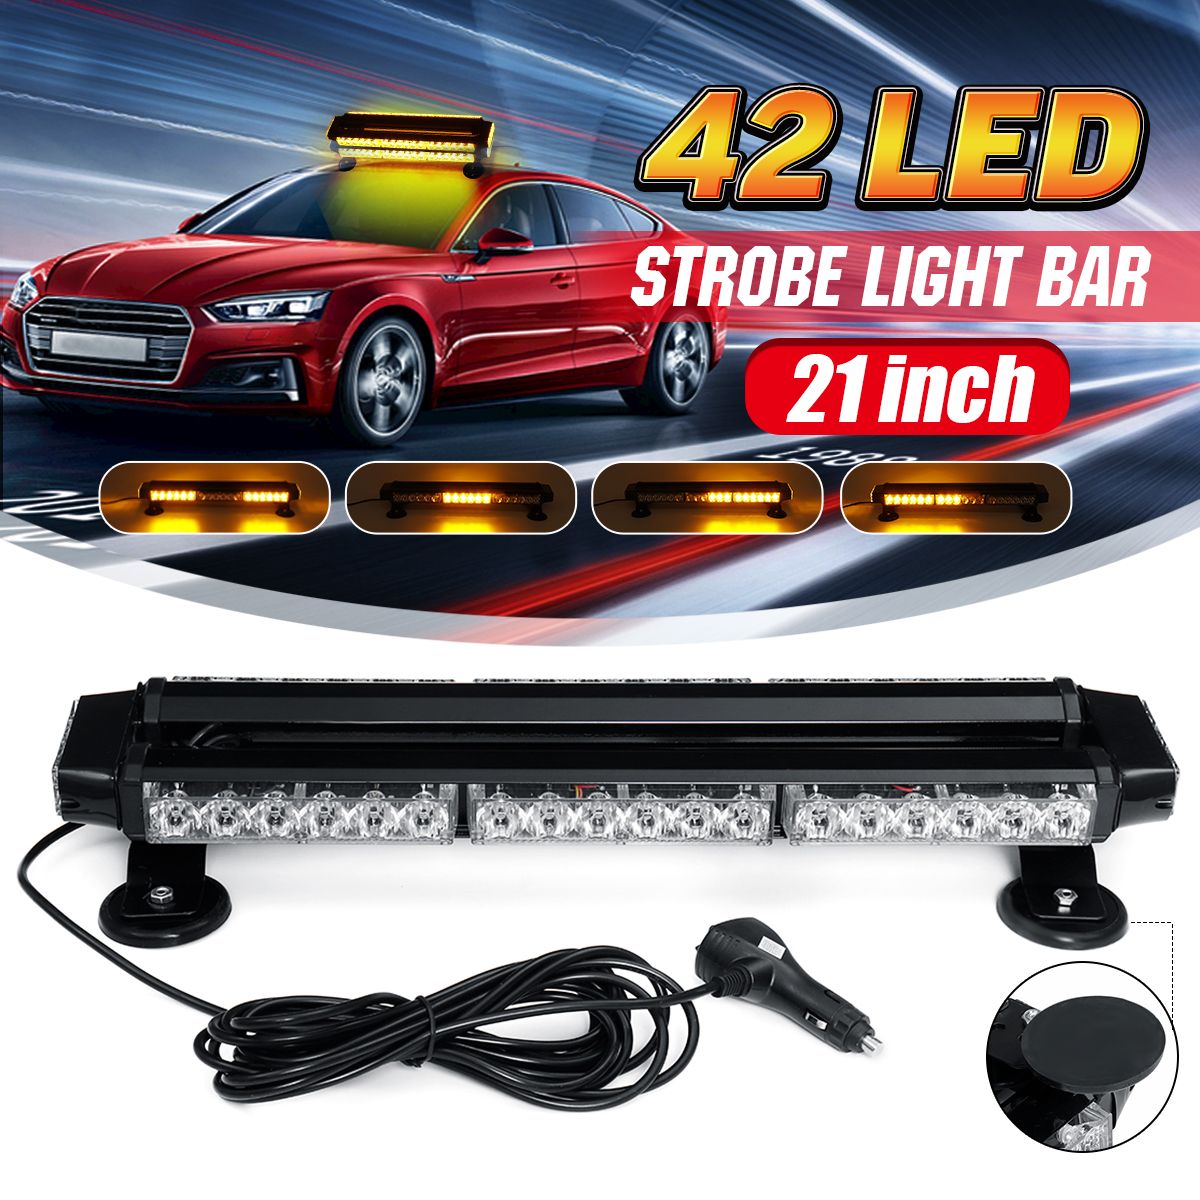 21-Inch-144W-42LED-Double-Side-Traffic-Strobe-Flash-Light-Bar-Amber-Emergency-Lamp-Magnetic-Mount-12-1553113
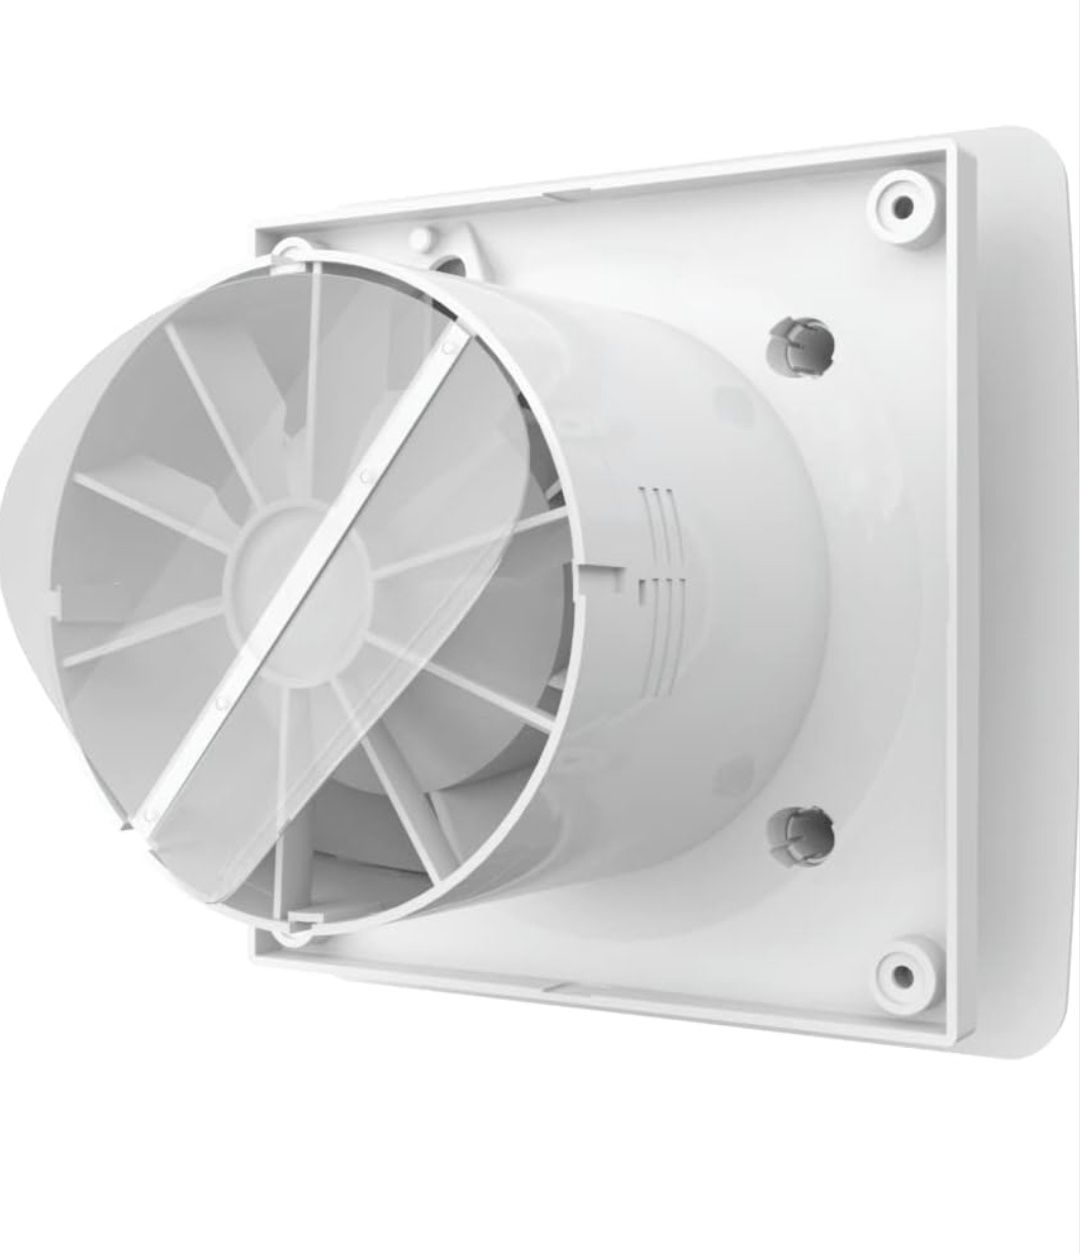 Ventilator Bosch 1500 DH
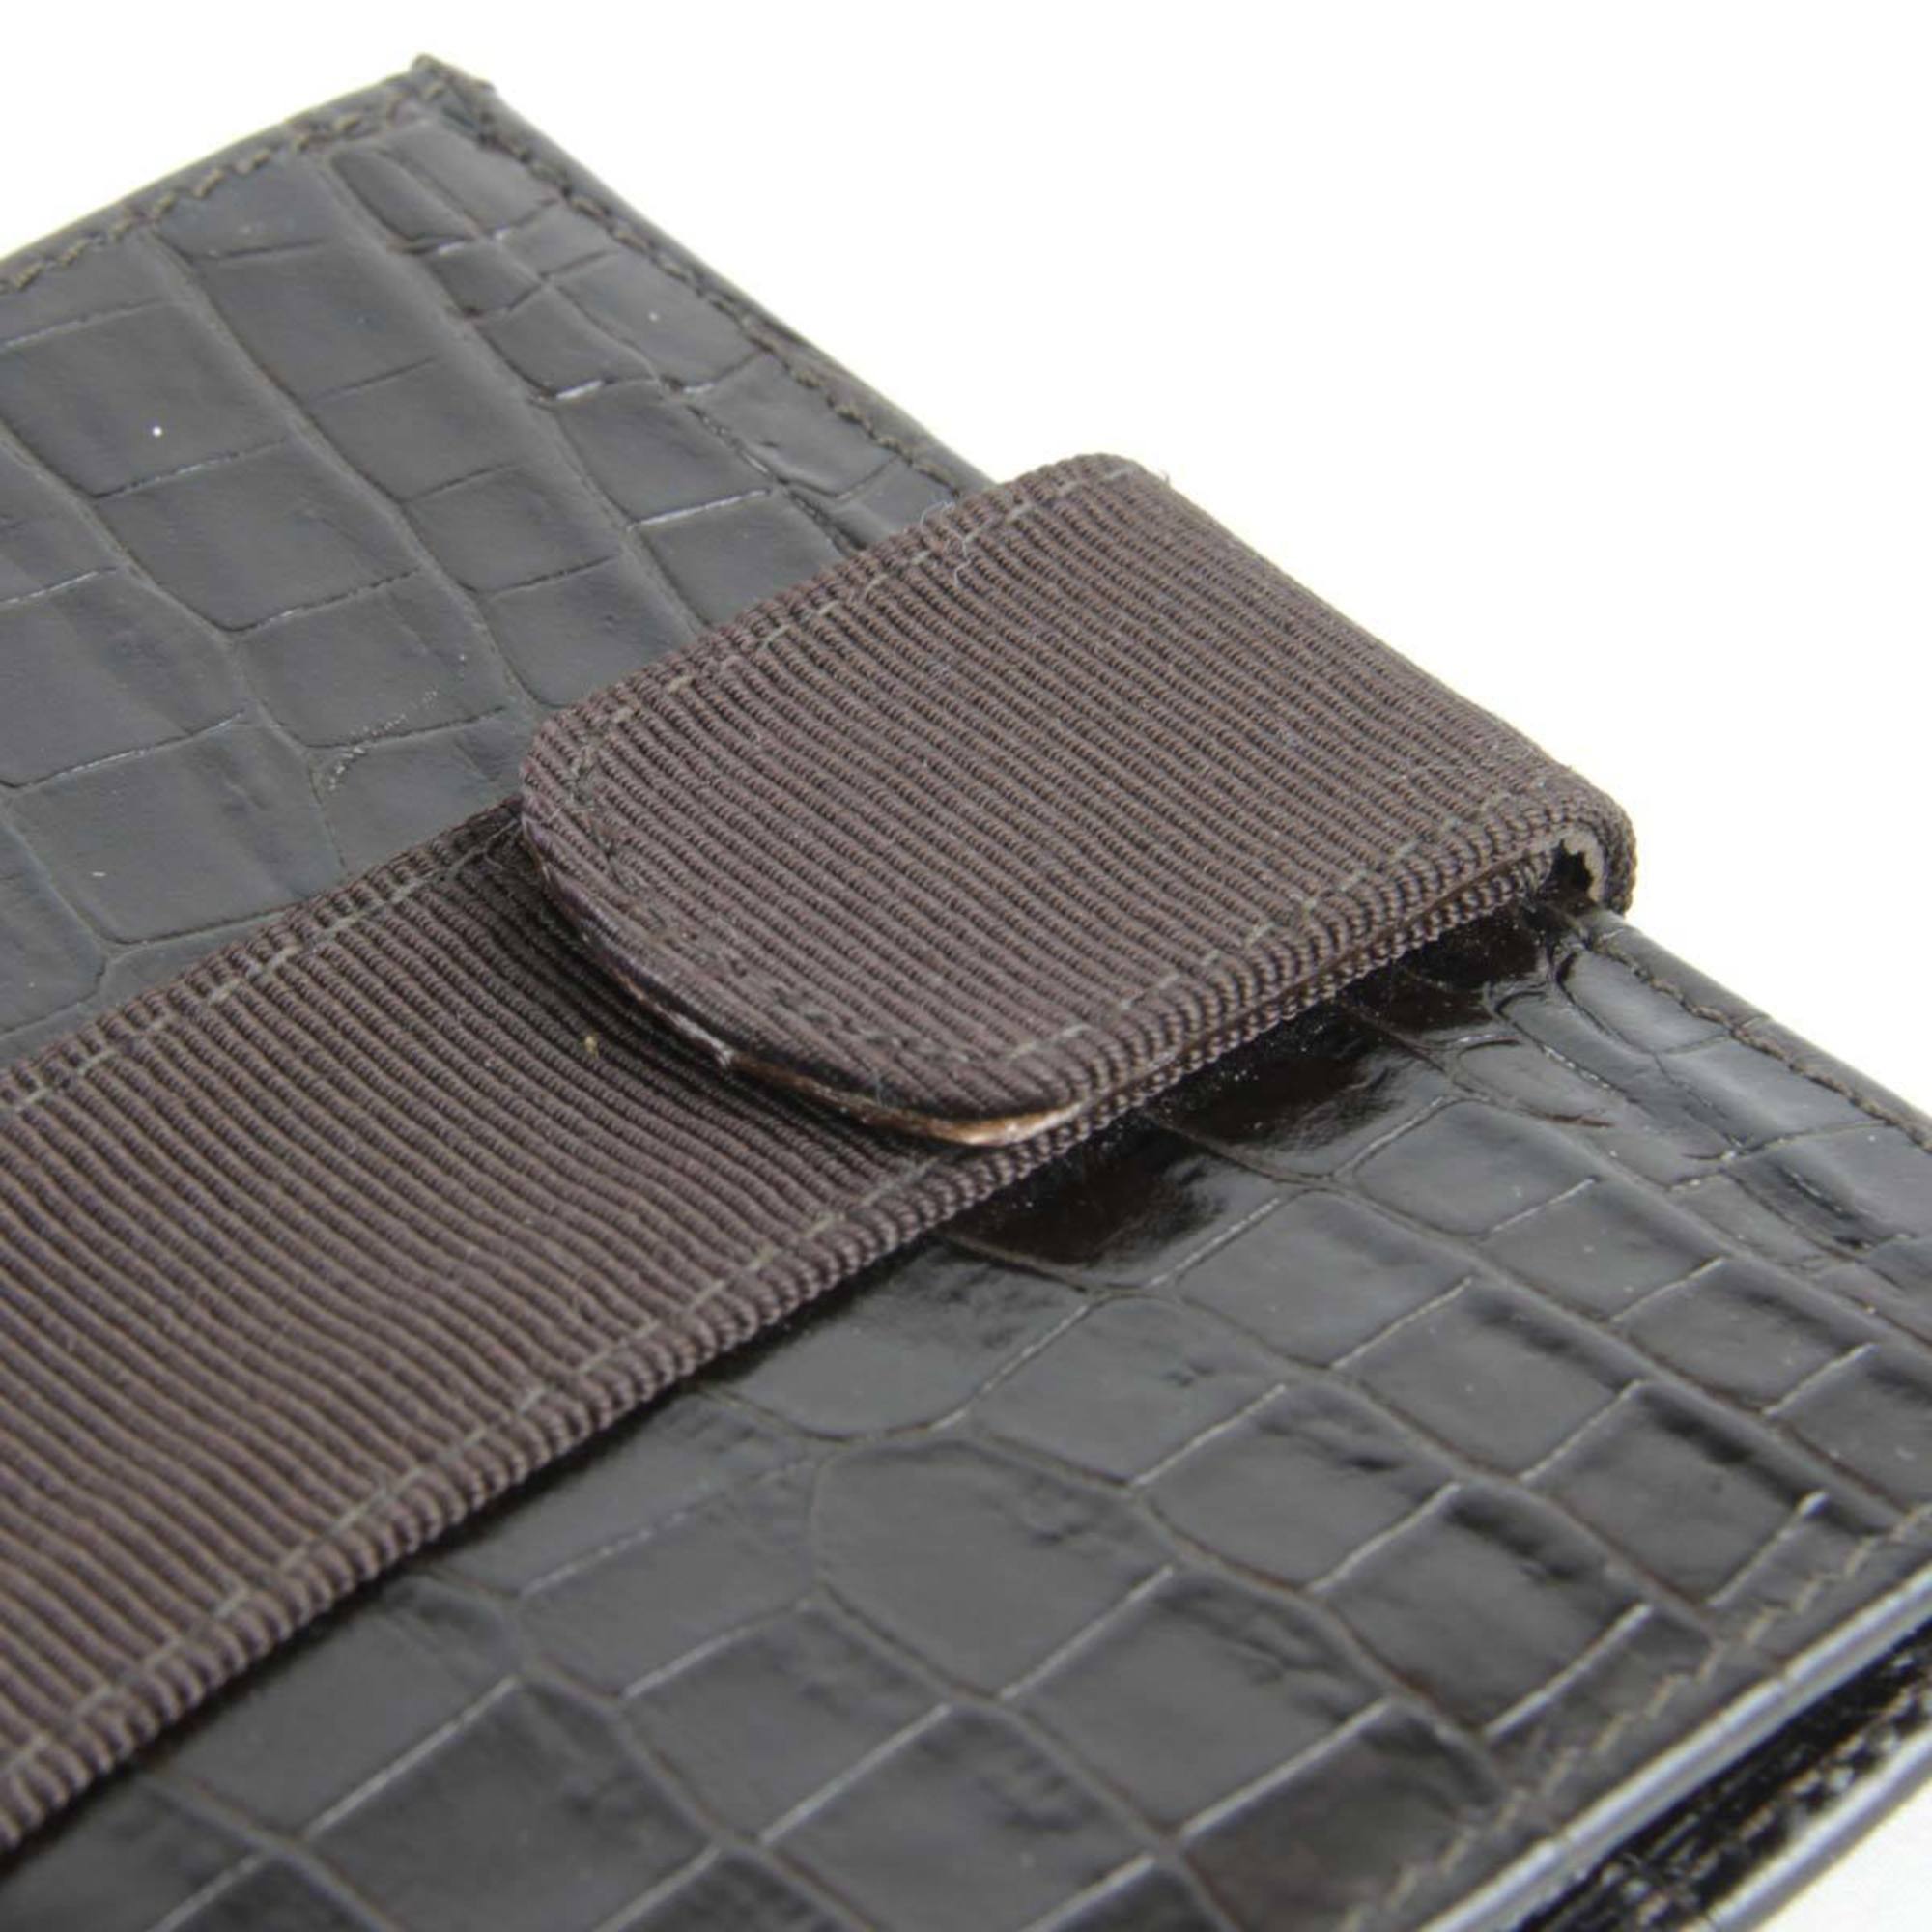 Salvatore Ferragamo 223053 Bi-fold wallet Leather Brown Women's
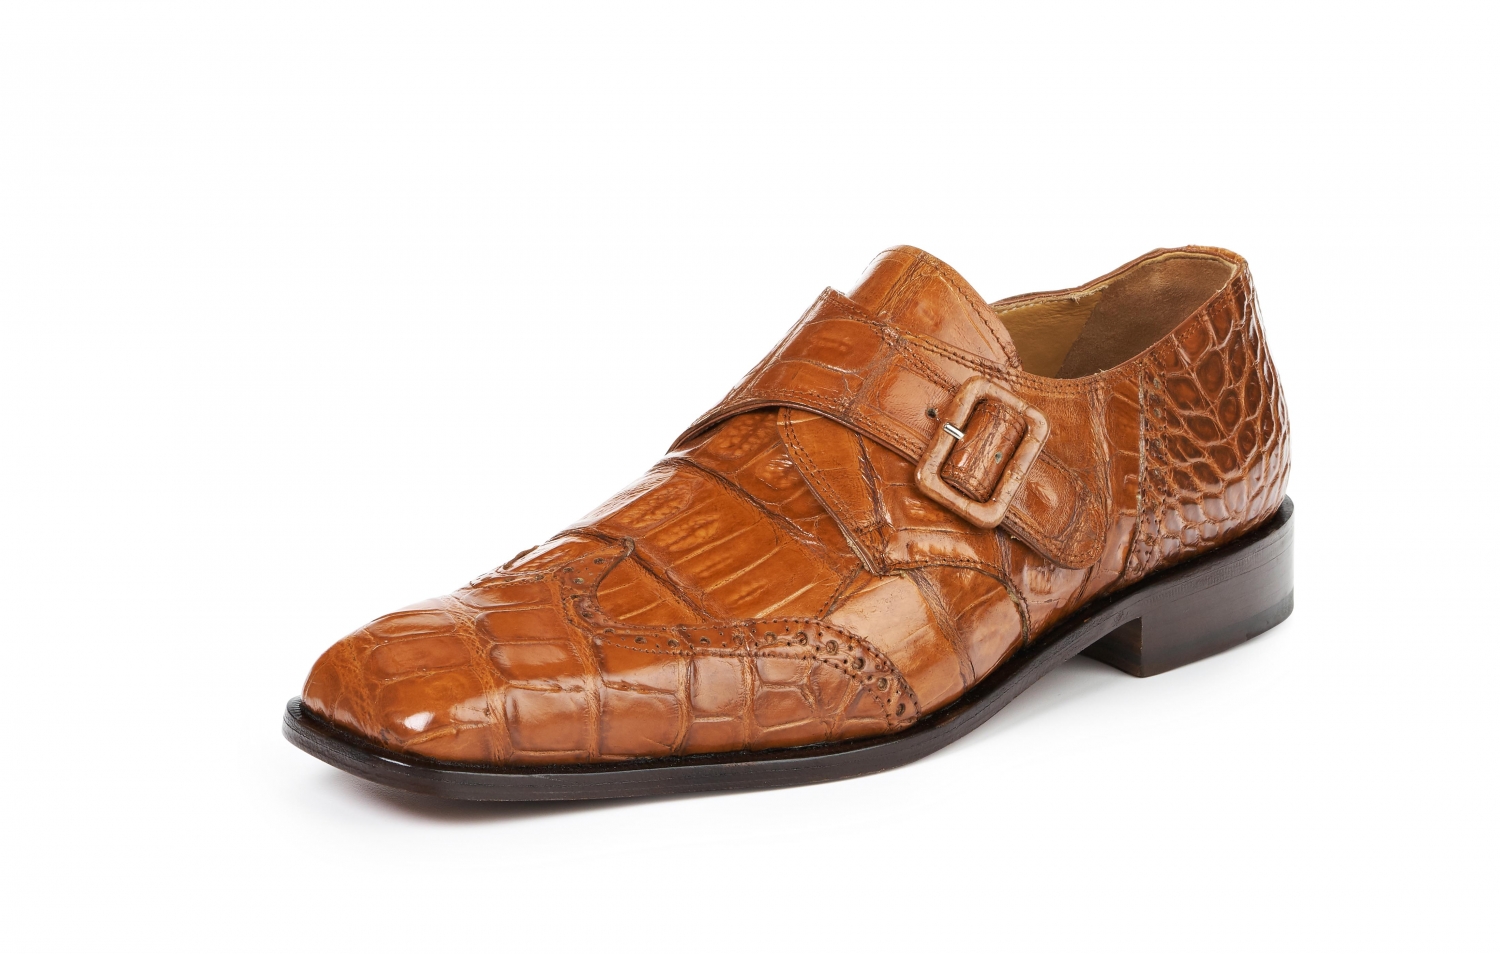 Mauri "Preacher" 4913 Cognac Genuine Body Alligator / Baby Crocodile Monk Strap Loafer Shoes.

> **EXERCISE BRIEF**:
Copy out the lines above in full and unaltered, apart from the pictures.

> **TASK ANSWER**:
 21-Inch-144W-42LED-Double-Side-Traffic-Strobe-Flash-Light-Bar-Amber-Emergency-Lamp-Magnetic-Mount-12-1553113
 Ventilator Bosch 1500 DH
 Salvatore Ferragamo 223053 Bi-fold wallet Leather Brown Women's
 Mauri "Preacher" 4913 Cognac Genuine Body Alligator / Baby Crocodile Monk Strap Loafer Shoes.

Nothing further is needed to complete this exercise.